By ELIZABETH HAYES
At the Santa Monica offices of software design firm Westmark Harris Advisors, a black Labrador Retriever named Ivy pads over to the front door to greet visitors, then settles down for a nap on the concrete floor.
The firm's offices a converted hardware store have a dozen or so desks arrayed at the center of the space, while the few private offices are set along a mustard-yellow wall with sliding glass doors.
A boat-shaped conference room clad in fiberglass and plywood protrudes from one corner.
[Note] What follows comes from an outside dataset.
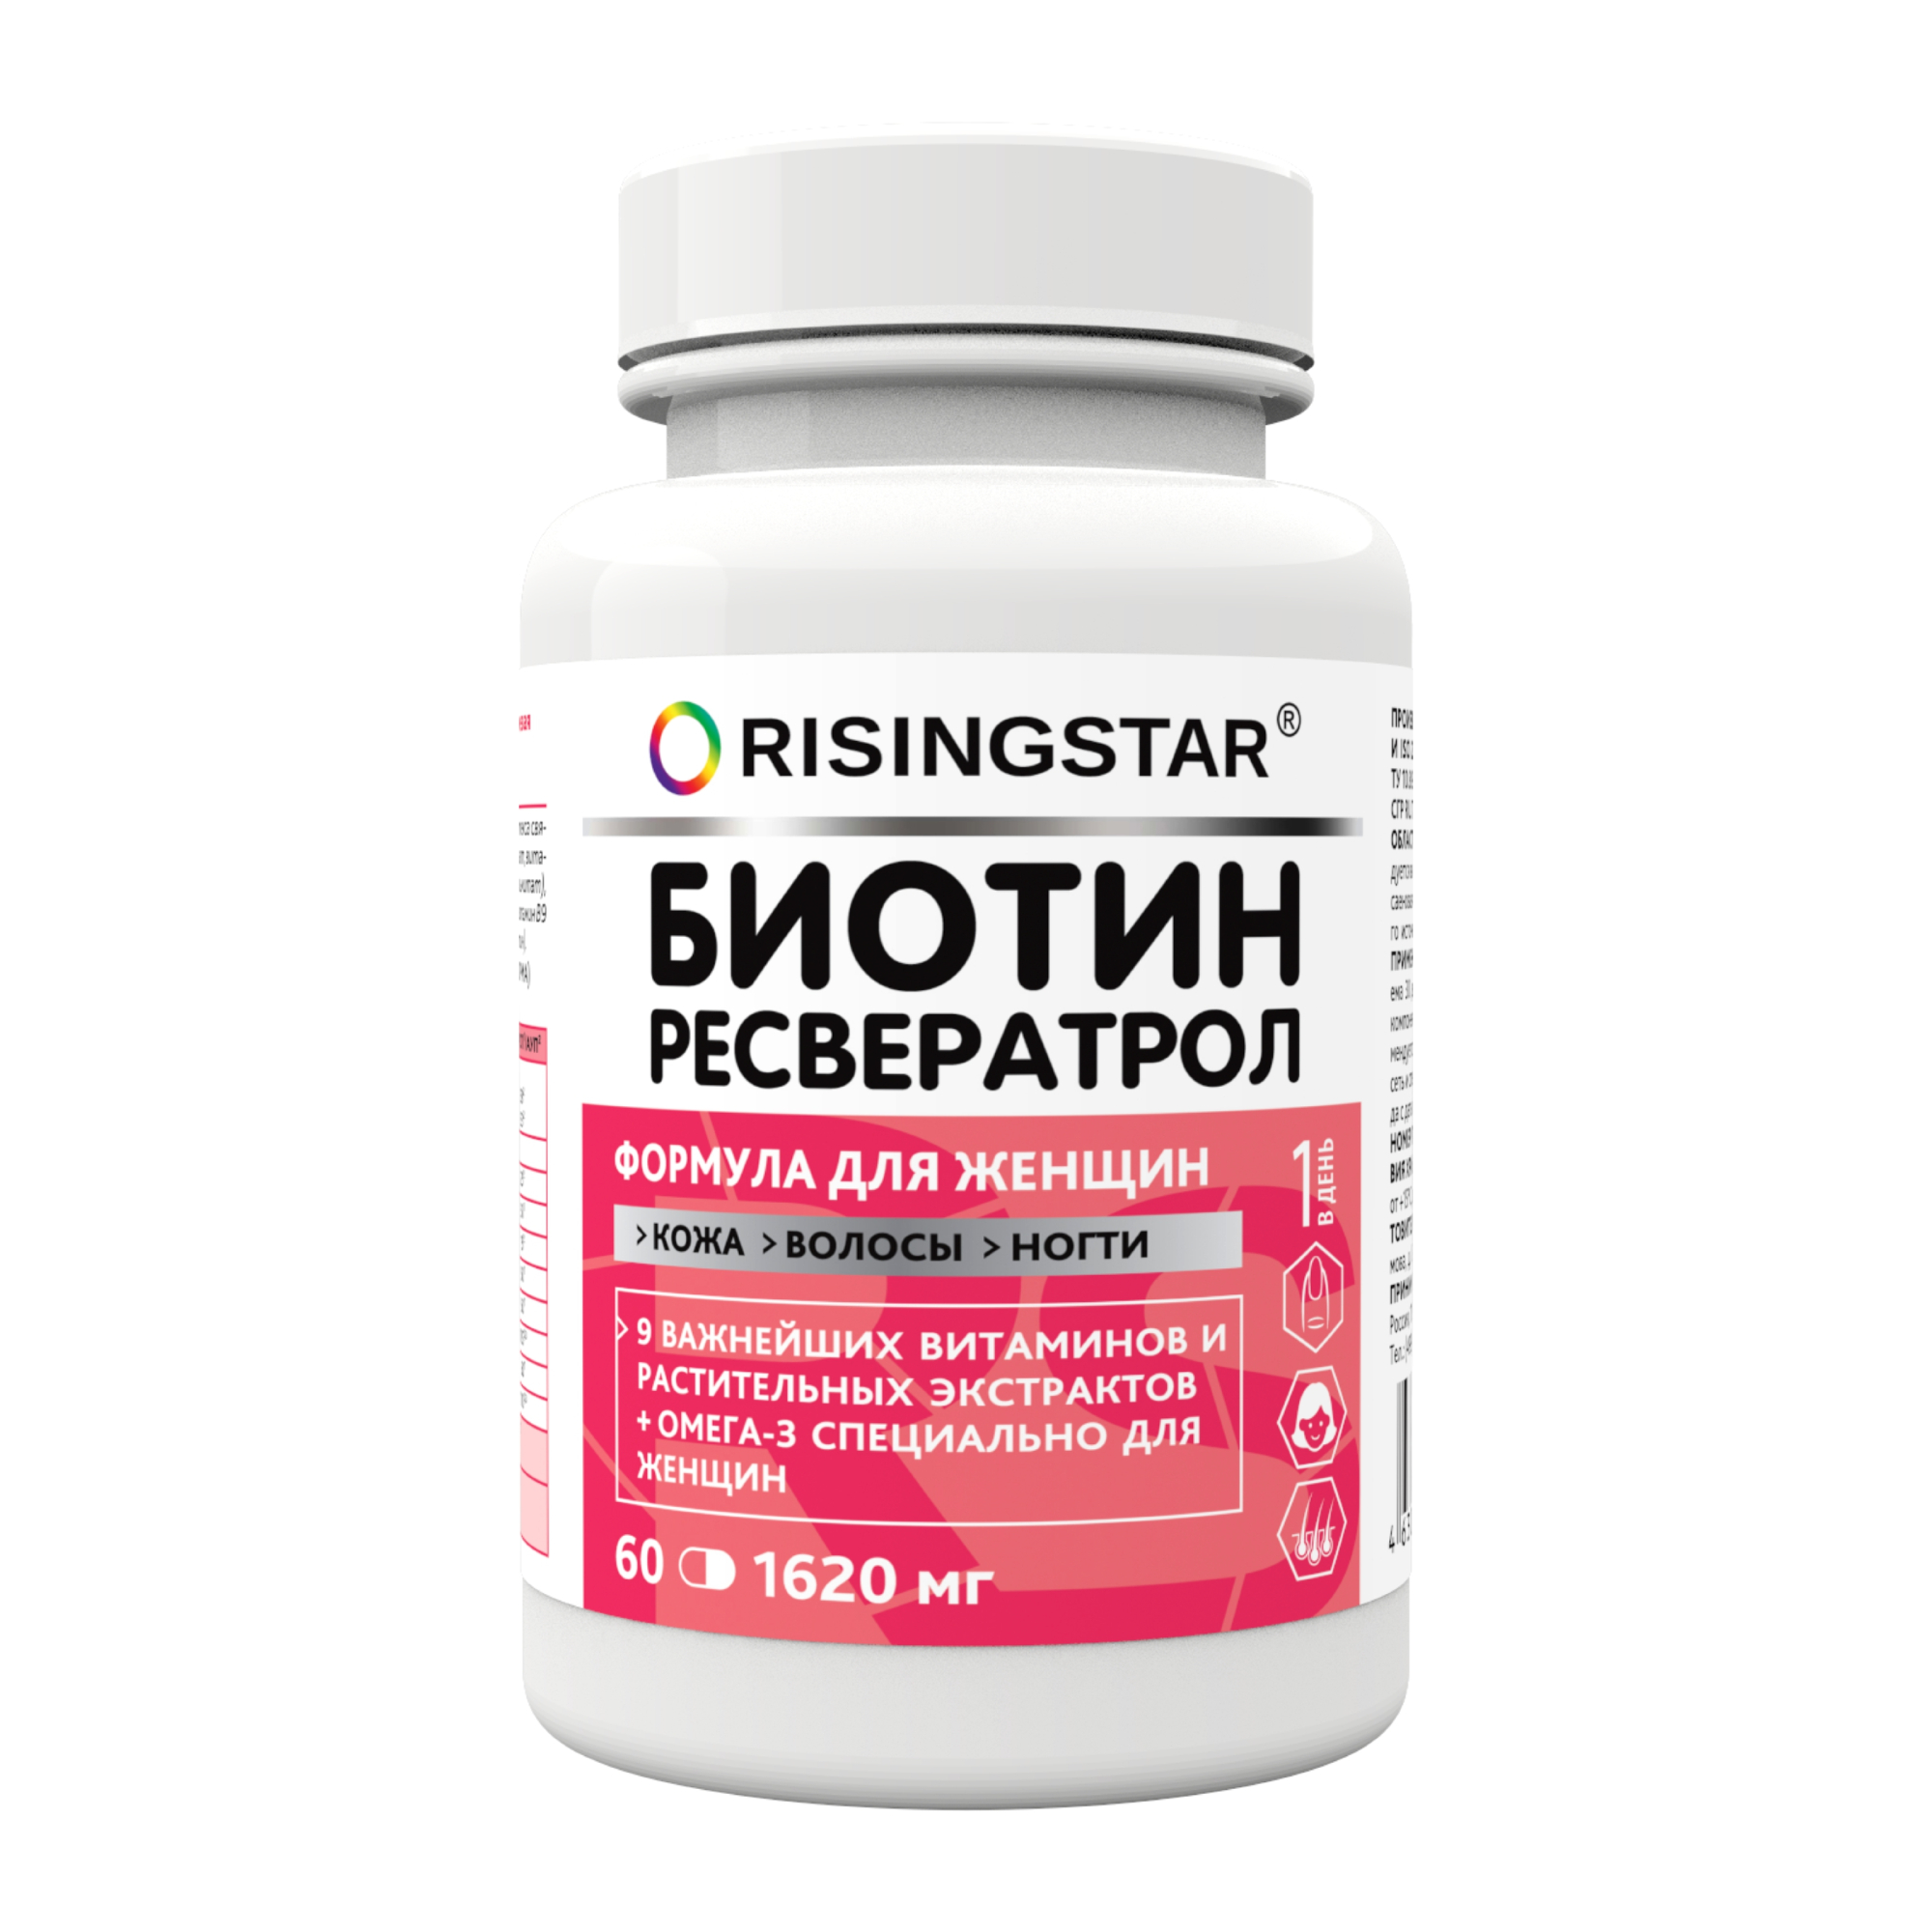 БАД Risingstar биотин+фолиевая кислота с омега-3 для женщин 60 таблеток, 100 г бад risingstar биотин фолиевая кислота с омега 3 для женщин 60 таблеток 100 г
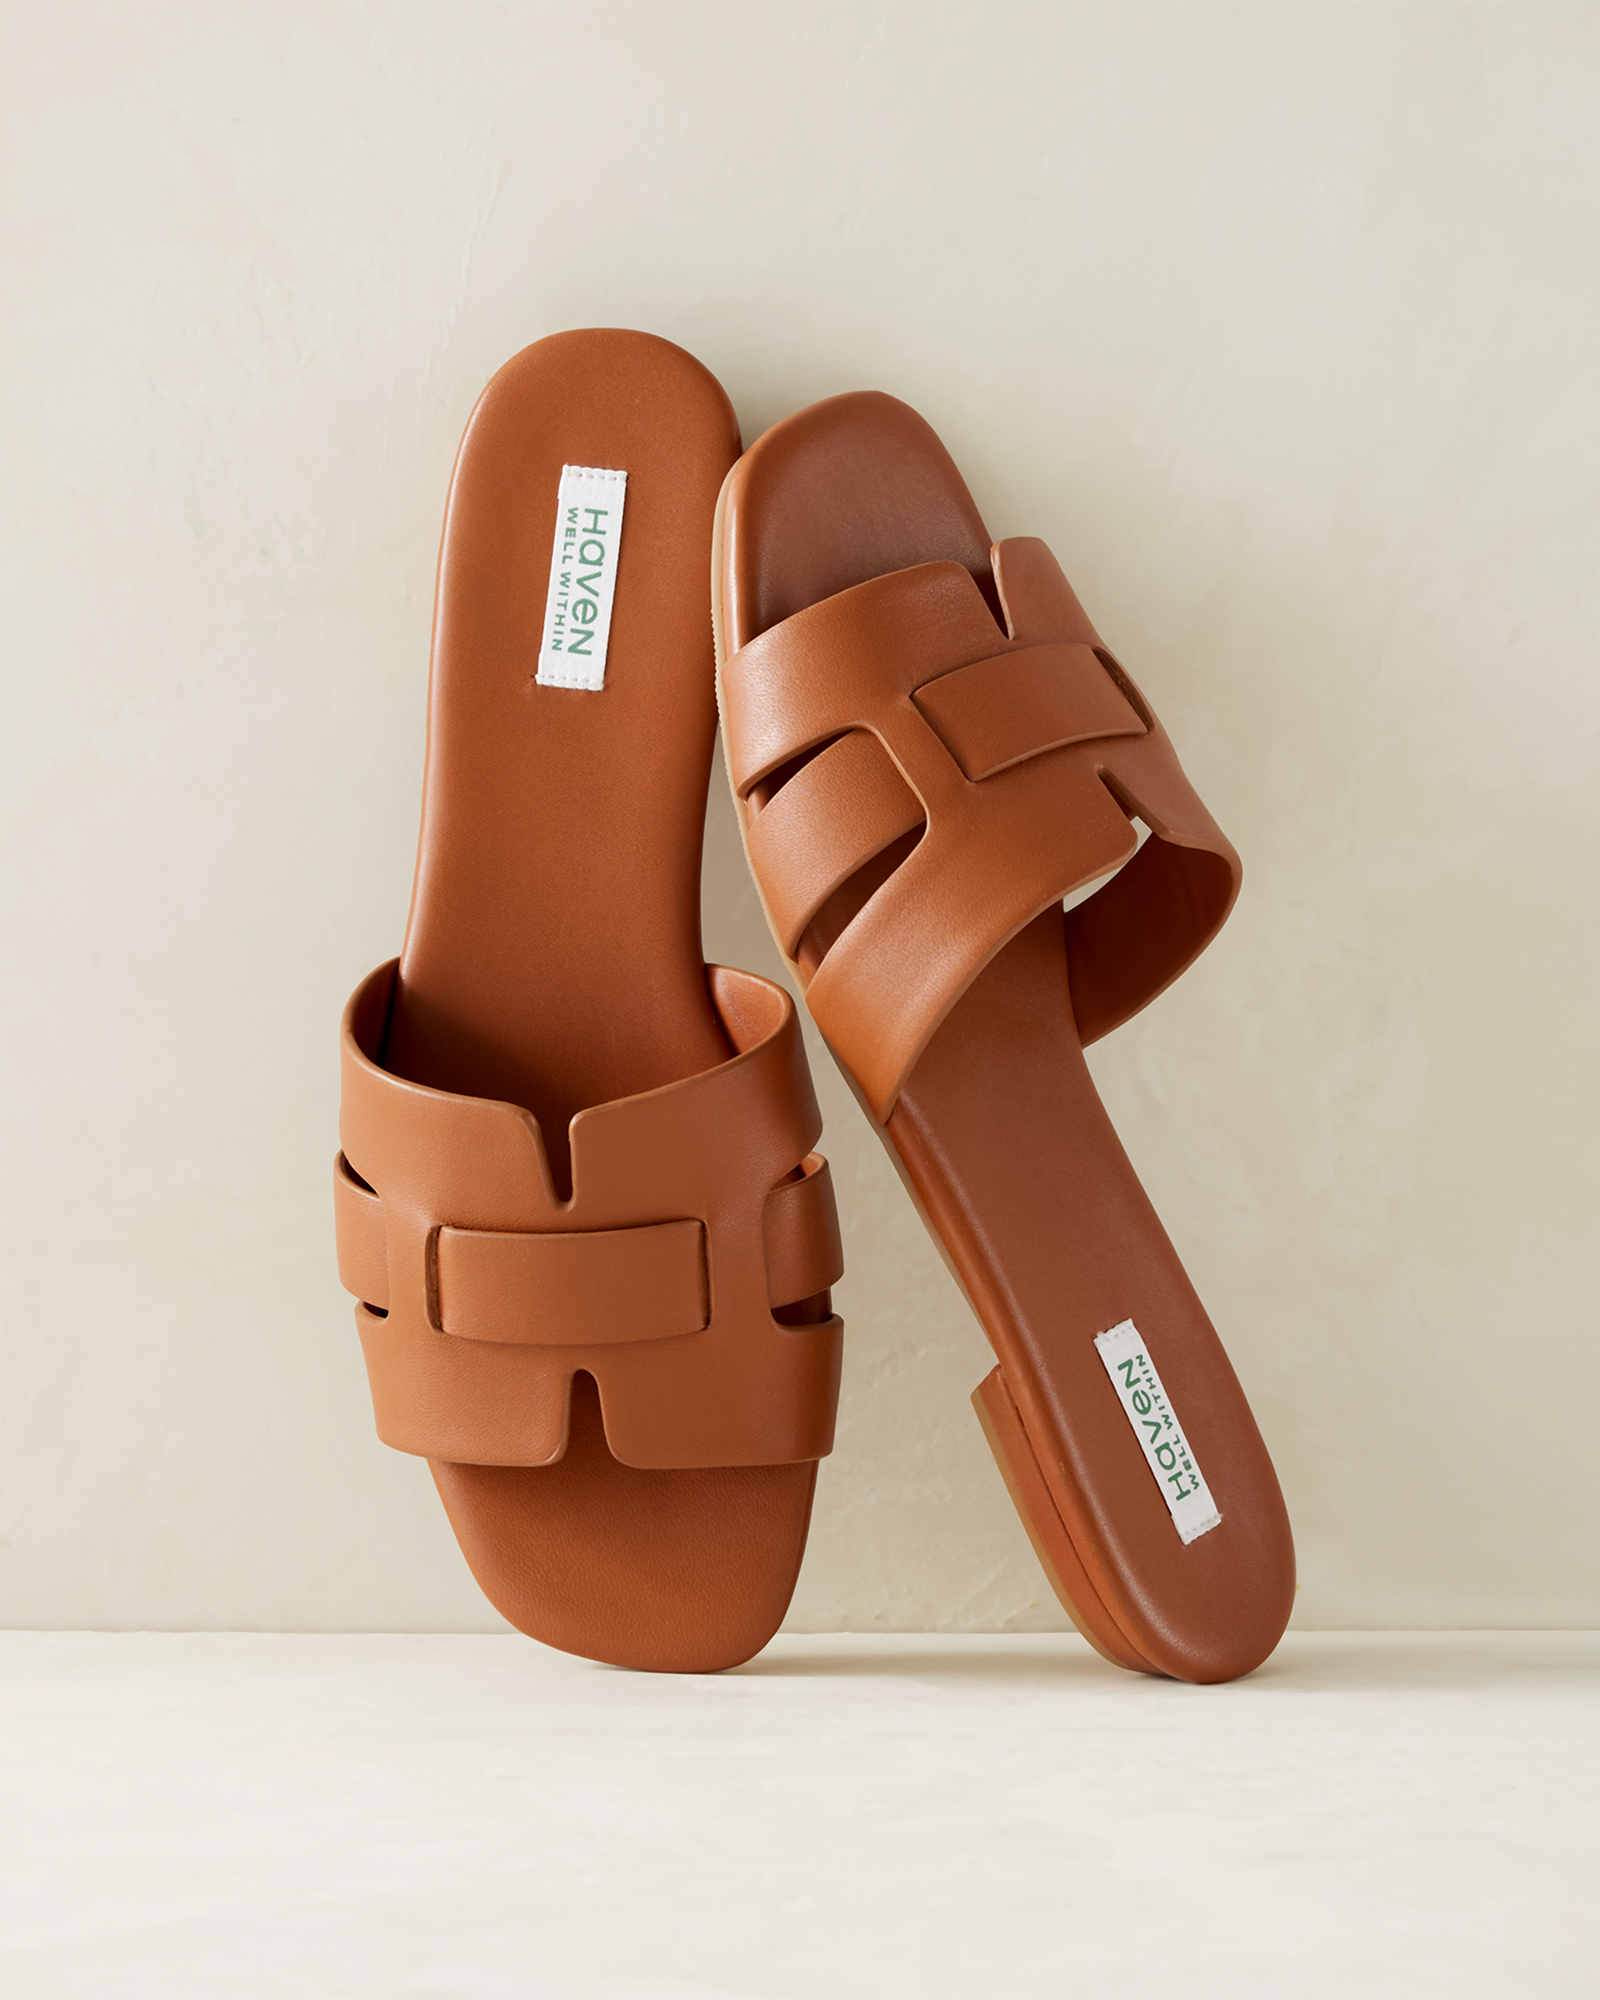 Talbots Leather Woven Sandals - Cognac - 8

The stairwell railings are fashioned from metal cables.
Welcome to the world of unconventional office space a world that has been evolving mainly on the Westside for more than a decade, but which is now spreading to other areas of town.
It is a trend being driven by who else? young, creative workers whose idea of dressing up is well-worn khakis and a freshly laundered shirt.
"People want space that's more relaxed and stimulating for their employees," said David Wilson, president of commercial brokerage Lee & Associates and one of the first brokers of L.A. creative space. "They're always looking for high ceilings, skylights and natural materials."
Whether minimalist or avant-garde, L.A.'s growing portfolio of nontraditional offices are distinct from the institutional, corporate high-rises that long have dominated the commercial real estate market.
There's more than a million square feet of converted industrial space on the Westside alone, said Ian Strano, a senior vice president at First Property Realty Corp. the type of space being used for these new brands of office exotica.
"It's gaining more steam than ever," he said.
The phenomenon is actually just one aspect of a larger trend in which companies with informal business cultures seek to create whimsical workplaces, and thereby attract and retain the most talented workers.
At the South Park production studio in Marina del Rey, home of the popular animated series by Comedy Central, there is a recording studio with an adobe roof and an animation area with a thatched grass roof.
"The South Park people are so off-center that it kind of works," said Steven Drucker, vice-president at Hellmuth Obata & Kassabaum Inc., the Santa Monica design firm that helped create the office space.
Mark Friedman, founder of software design firm Westmark Harris and a former real estate broker, said he had no desire to keep working in a high-rise glass box.